Currently, Sequencing-By-Synthesis (SBS) technologies, such as those developed by Illumina Corp., dominate genomic research. SBS platforms operate by DNA synthesis, copying a template strand, to cyclically incorporate individual fluorescently-labelled nucleotides that are captured with an optical device. Despite the major achievements of SBS technology, its major limitation is that it is typically blind to DNA and RNA modifications. Consequently, indirect methods (RIP-Seq, Chem-Seq) are required to identify RNA modifications genome-wide.

To overcome these limitations, we propose the application of two technologies to map RNA modifications:

a) Phage Display Technologies (PDT) as a novel tool to produce antibodies against RNA modifications, where antibodies are generated by multiple rounds of antigen selection and competitor counter-selection.

b) Direct sequencing of RNA molecules using Oxford Nanopore Technologies (ONT), which employs thousands of membrane-embedded protein nanopores coupled to highly sensitive ammeters that measure ionic current passing through the pore. This technology avoids the reverse-transcription step during the library preparation, and thus can detect and measure RNA modifications from the RNA molecules that are being sequenced, in a quantitative manner, and with single nucleotide resolution.

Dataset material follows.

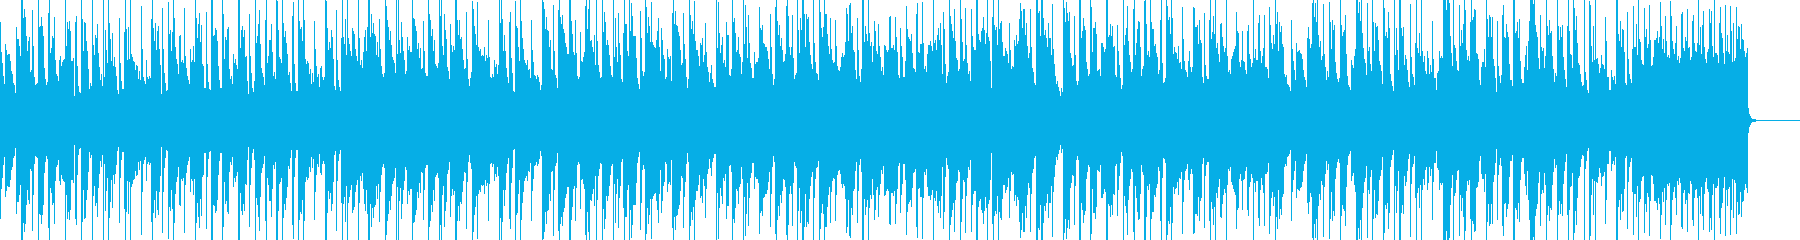 アドベンチャーゲーム系OP風の再生済みの波形

To properly basecall RNA modifications from ONT output data, we are using a variety of tools, including machine learning, that can help us maximize the accuracy of detection of RNA modifications.

(Illustration from: Novoa EM, Mason CE, Mattick JS. Charting the unknown human epitranscriptome. Nature Rev Mol Cell Biol 2017)

3. Specialized ribosomes as a novel post-transcriptional regulatory layer to quickly tune the proteome

Ribosomes have been historically thought as uniform entities, however, recent evidence suggests that its composition might be dynamically regulated, and consequently, its activity (i.e., selective translation of subsets of transcripts).

In our lab, we are using a combination of molecular biology, mouse knockouts, genome-wide high-throughput techniques (i.e. RiboSeq, FracSeq, RNASeq) and bioinformatics, to decipher which are the forces that tune mammalian ribosome composition, and how its changes across tissues, developmental stages and environmental conditions, may affect cellular function.